FDA 483 - Hubei Gedian Humanwell Pharmaceutical Co., Ltd. - November 07, 2025

An FDA inspection conducted from November 3 to November 7, 2025, at Hubei Gedian Humanwell Pharmaceutical Co., Ltd. identified significant concerns regarding facility and equipment maintenance and critical system monitoring. The inspection, which focused on Active Pharmaceutical Ingredients (APIs) for the U.S. market, highlighted two primary observations. Firstly, equipment and manufacturing facilities were not adequately maintained. Specific issues included stained and discolored production vessels, a vessel with significant scratching, a leaking motor on another vessel, and stains around the rim and lid of a processing unit. Furthermore, the facility showed stains on ceilings and ventilation vents, residue on hoses, and unsealed doorways and windows in sensitive production areas, raising questions about contamination control. Secondly, the Air Handling Units (AHU) in an API Workshop lacked essential automatic alarm notification capabilities.
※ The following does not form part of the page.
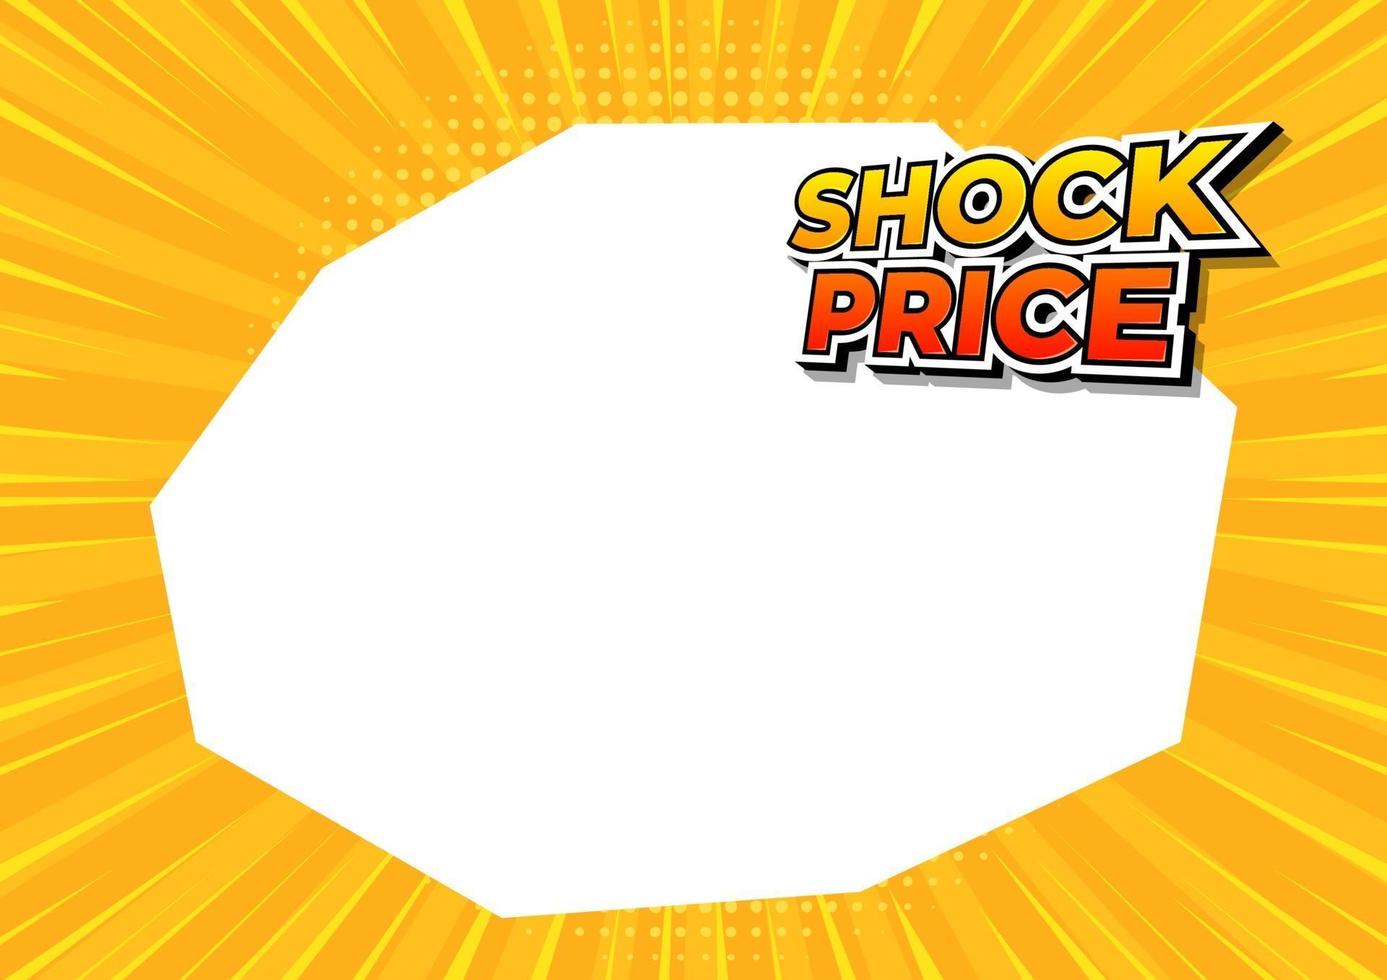 Shock price on yellow comics background banner. Shock price design template. vector
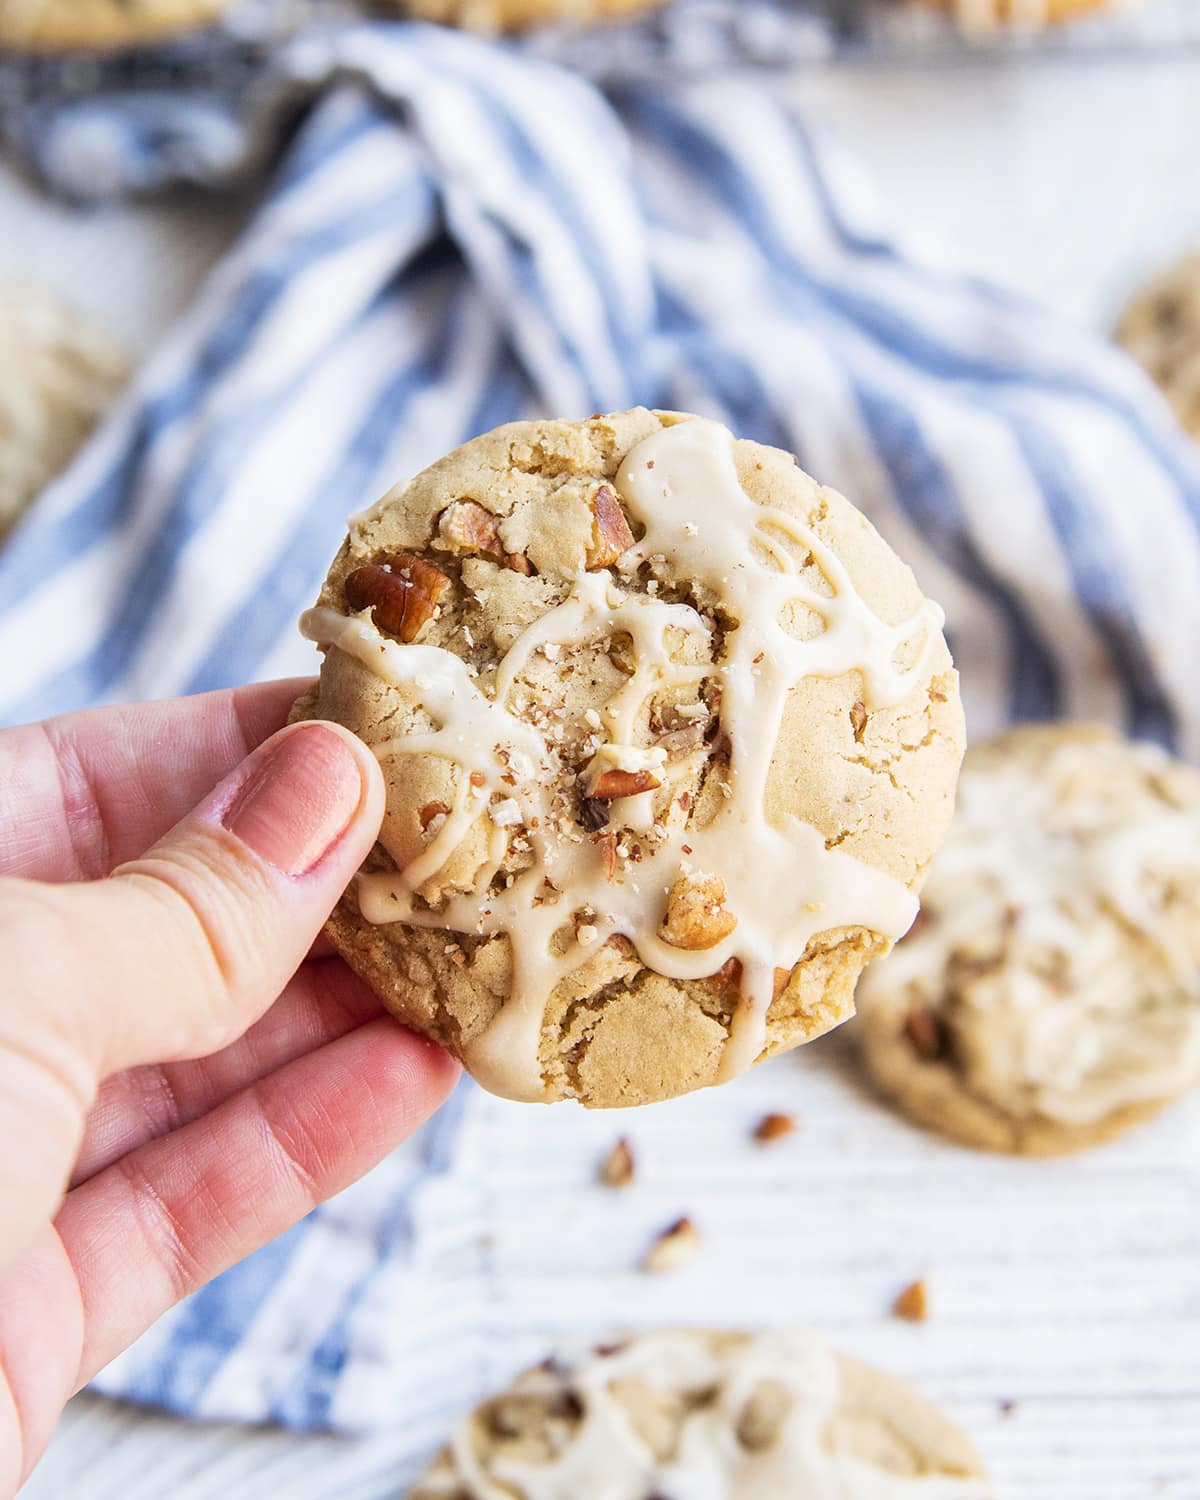 A hand holding a maple pecan cookie topped with a drizzle of maple icing, and pecan crumbs.

This deficiency was evident when an AHU shut down due to elevated moisture, and operators could not immediately respond due to the absence of an automated alert system, potentially impacting product quality and environmental control in clean rooms. These observations, issued on an FDA Form 483, require the company to develop and implement corrective actions to address these deficiencies, ensuring compliance with manufacturing standards for pharmaceutical products.